2012 medal projection redux: What we learned

Update: This is now adjusted to reflect our first doping case: Belarus loses gold, New Zealand up to gold, Russia up to silver, China up to bronze. That’s one more medal for China.

When we started, I said I thought the Wall Street Journal had the best projection model. I’d say they were pretty close.

Here’s the table, updated with the “actual” column:

Table 32 – Sheet1


I added up the differences between the actual and each of the picks for these 10 countries. Here’s what I wound up with:

  • 32: Wall Street Journal
  • 38: Sports Illustrated
  • 55: SportsMyriad
  • 58: Infostrada/USA TODAY
  • 58: Tuck School of Business model
  • 79: Johnson/Colorado College model
It’s a band of pastry chefs! No, wait — those are American gold medalists. Look, enough with the designers — the next Olympic uniforms should be designed by Levi Strauss.

So what have we learned?

1. It pays to go sport-by-sport. Call it the philosophy major’s revenge over the economists. (Kidding!)

2. As expected, the WSJ effort’s to factor in probabilities paid off pretty well.

3. SI’s pretty good at this.

4. I put too much faith in the home-country bump. But I had a feeling that would be the case.

One more bit of numbers to toss out: How far off was I in predicting gold medals? Let’s take a look:

Overprojected: USA 9, Japan 7, Australia 6, Kenya 4. Tied at 3: Greece, Slovakia, Iran, Britain.

Underprojected: South Korea 5, Hungary 5, France 4, North Korea 4. Tied at 3: China, Kazakhstan, Cuba, South Africa.

Want to dig into any more numbers? Knock yourself out.

The fun part: This is only the beginning. I’ve compiled too much data to stop now. I’m going to start building out pages on Olympic sports with the goal that we’ll know roughly what to expect in World Championships. Then we’ll adjust those pages with World Championship results so that we can rev up in 2015 with projections for 2016.

And I’ll do the same for winter sports. We have considerably fewer of those.

Only 543 days until Sochi!

Update: The WSJ is pretty happy with its projections.

Published by

Beau Dure

The guy who wrote a bunch of soccer books and now runs a Gen X-themed podcast while substitute teaching and continuing to write freelance stuff.

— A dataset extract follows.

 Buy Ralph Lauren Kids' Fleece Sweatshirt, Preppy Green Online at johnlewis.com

6 thoughts on “2012 medal projection redux: What we learned”

  1. Not that I want to be politically incorrect…

    The Los Angeles Times had an interesting front page article about the gender breakdown of USA Gold medal winners. Of the 46 Gold medals the USA won, 29 were won by women and 17 were won by men. According to the Times most of the USA medals were won by women, as were the PRC medals and evidently the Russian medals. it would be interesting to see the medal counts broken down by gender for all the olympic events.

    Somebody wrote in the comments section:

    “All that this medal disparity says is that there is a great deal more international parity in men’s sports. The U.S. (yes thanks to Title IX) places a great deal more emphasis on women’s sport than almost all other countries in the world. It’s not that U.S. women are better than U.S. men. It’s that U.S. women face far less competition relative to the men…”

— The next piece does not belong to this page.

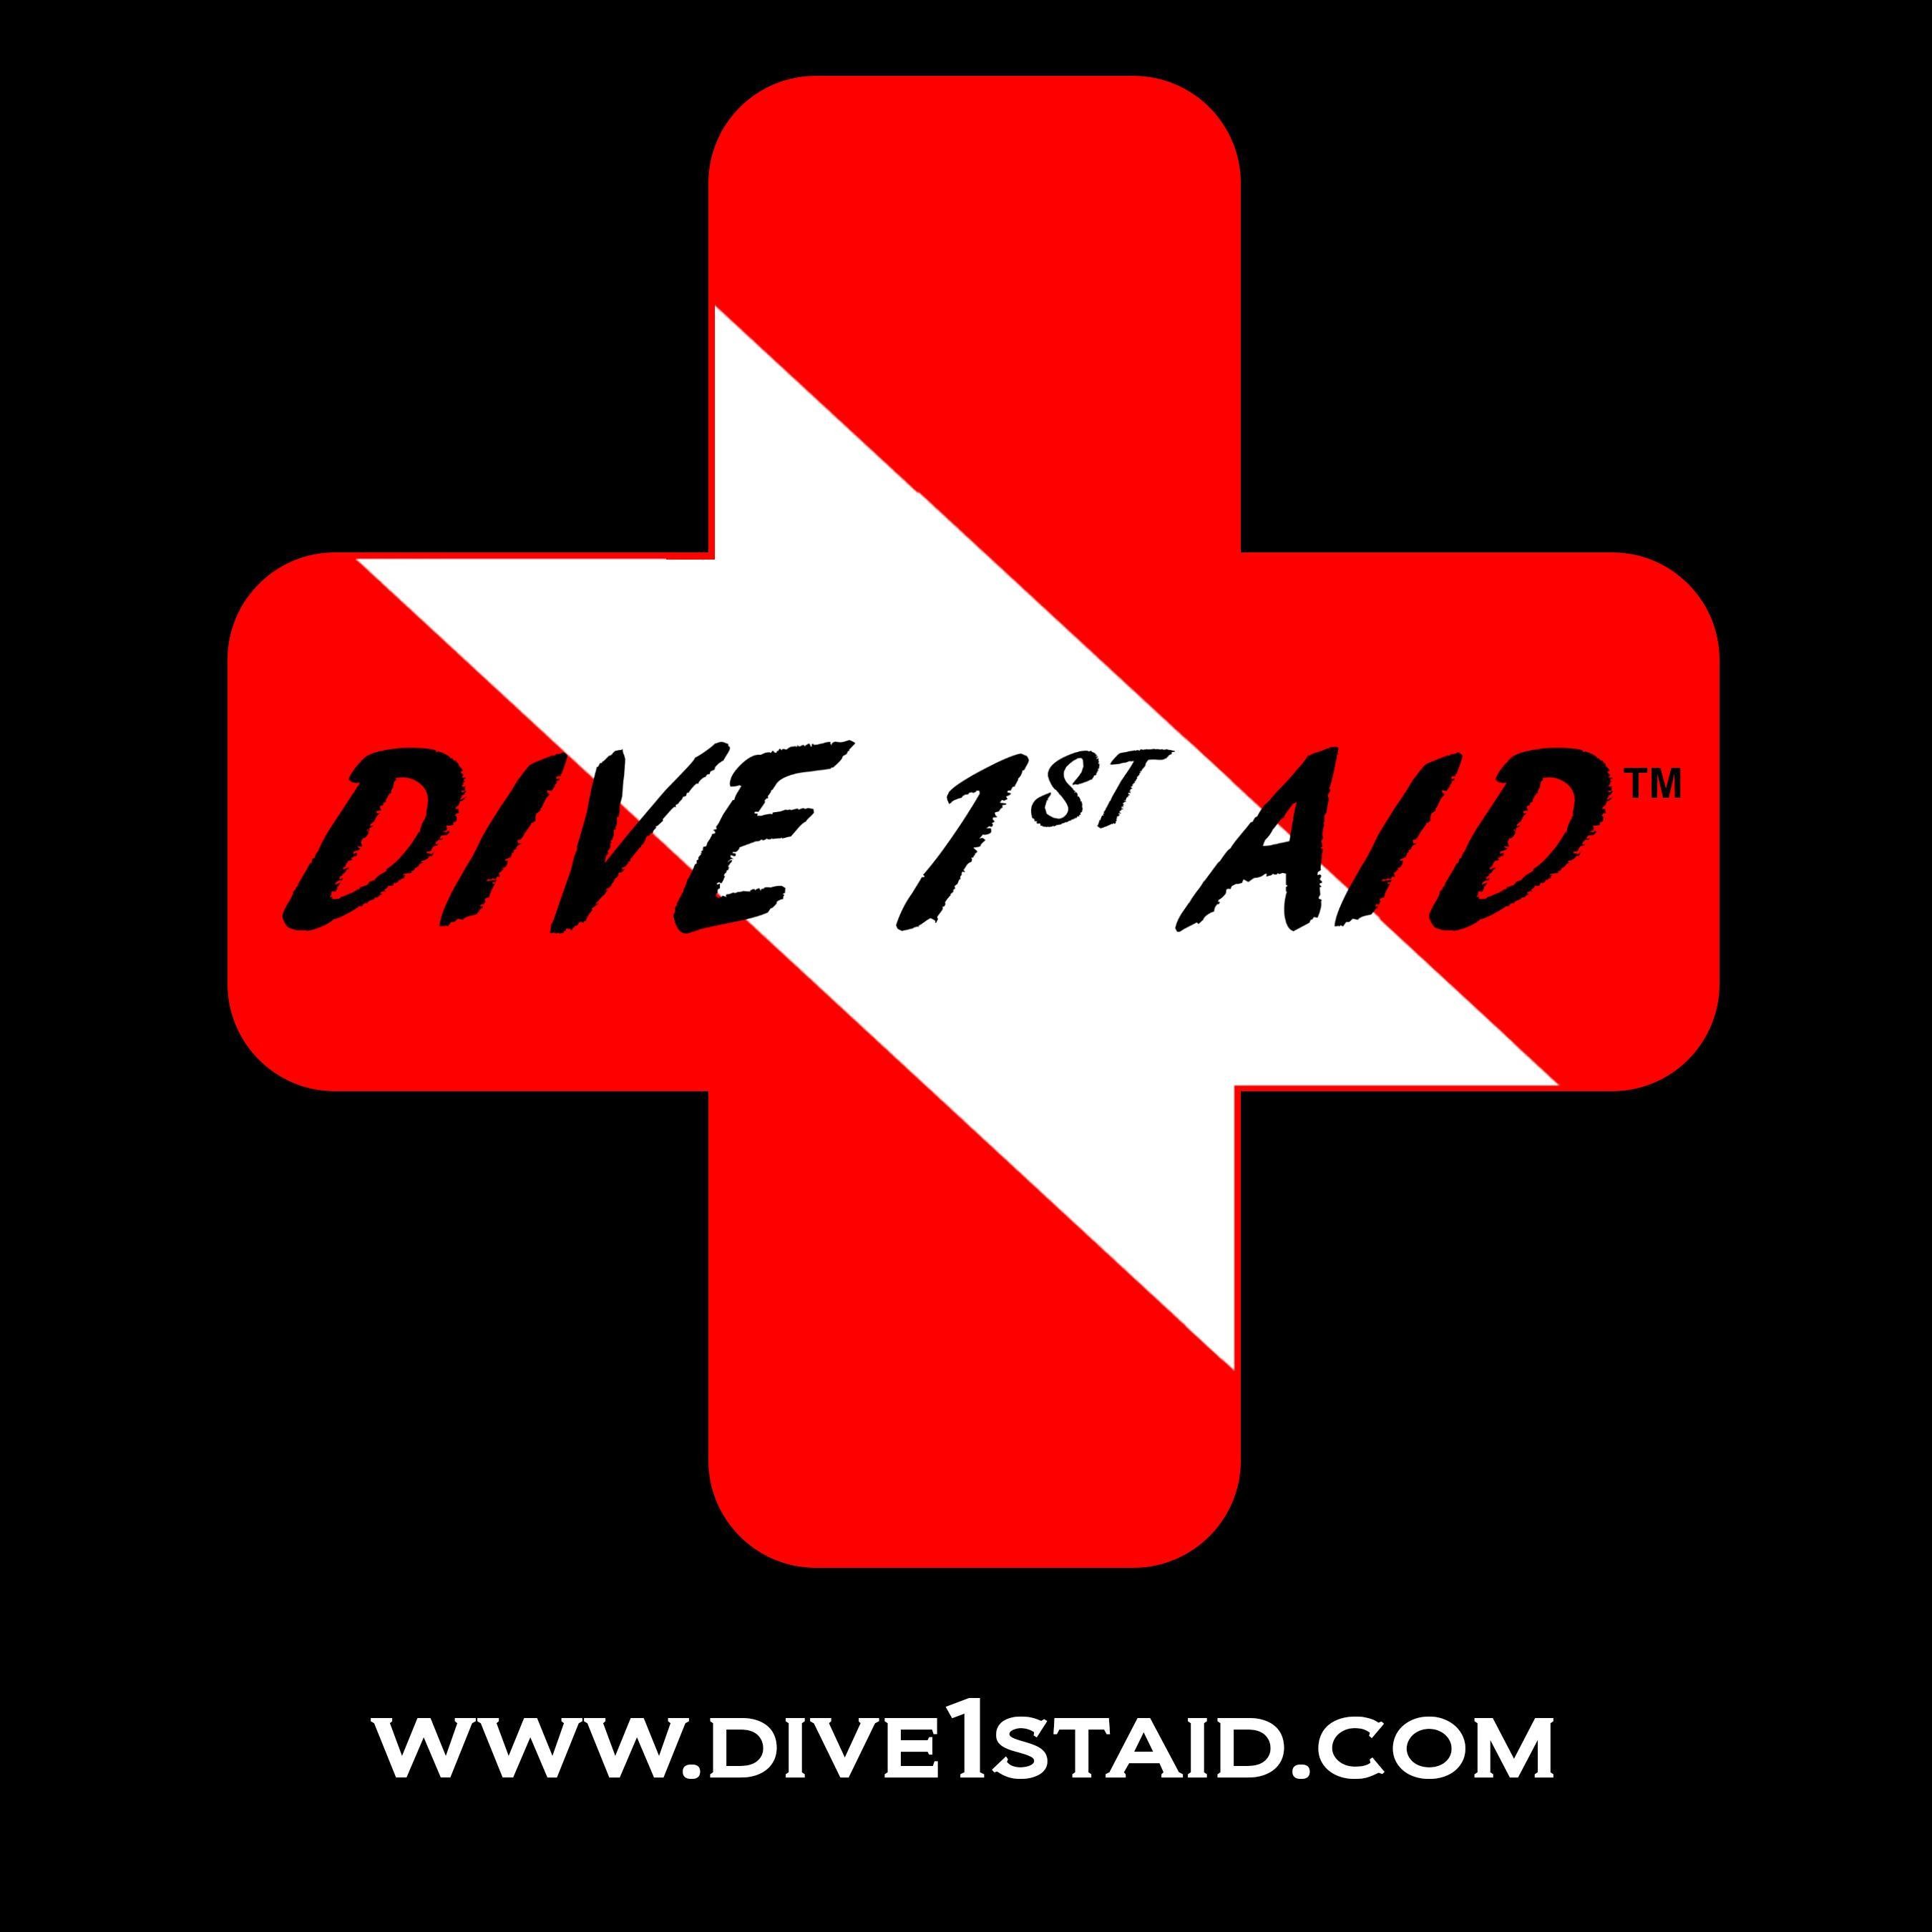 Dive 1st Aid

  2. According to Medalspercapita.com, Grenada won the 2012 Summer Olympics on the strength of ONE Gold medal. Jamaica came in second in the medals per capita list, the Bahamas came in second in the Gold Medals per capita list..

  3. I plan to write about the gender equity/Title IX thing in a day or so.

    A preview: I’m not comfortable with the “Yay, the U.S. women won much more than the men!” meme. Maybe it’s just because if the U.S. men had matched the women’s medal haul, my projections would’ve been correct.

    But before we all point to Title IX, there’s another thing to consider. Other countries have pro women’s leagues in a ton of sports — basketball, volleyball, soccer among them. We don’t.

  4. Home town bump – I think that this manifested itself more in converting bronzes into silvers and silvers into golds rather than swathes of extra medals. In the most recent world championships or equivalent in the olympic disciplines GB had won 21 golds, 28 silvers and 12 bronzes (excluding tennis) so a basis in line with the results in London.

    It’s also worth noting that a third of the difference between your projections and the actual results can be accounted for by the disappointing results from the swimming team who failed to repeat their world championship and trials performances.

  5. Russia is second in the myriad projections, so they are second on the final listing notwithstanding the official results…

    Russia did recover to third or fourth place after a terrible start and ended up with more medals than at the 2008 Olympics. They won 15 medals on August 11, day 15 of the games. China was on top at the midpoint of the games but faded in the last few days.

    The USA came nowhere near 55 Gold Medals. If the USA women had not performed so strongly and only did as well as the USA men, the USA gold medal total would have been about the same as in the 2000 to 2008 Olympics (34-37 gold) instead of 46, which is the most since 1984.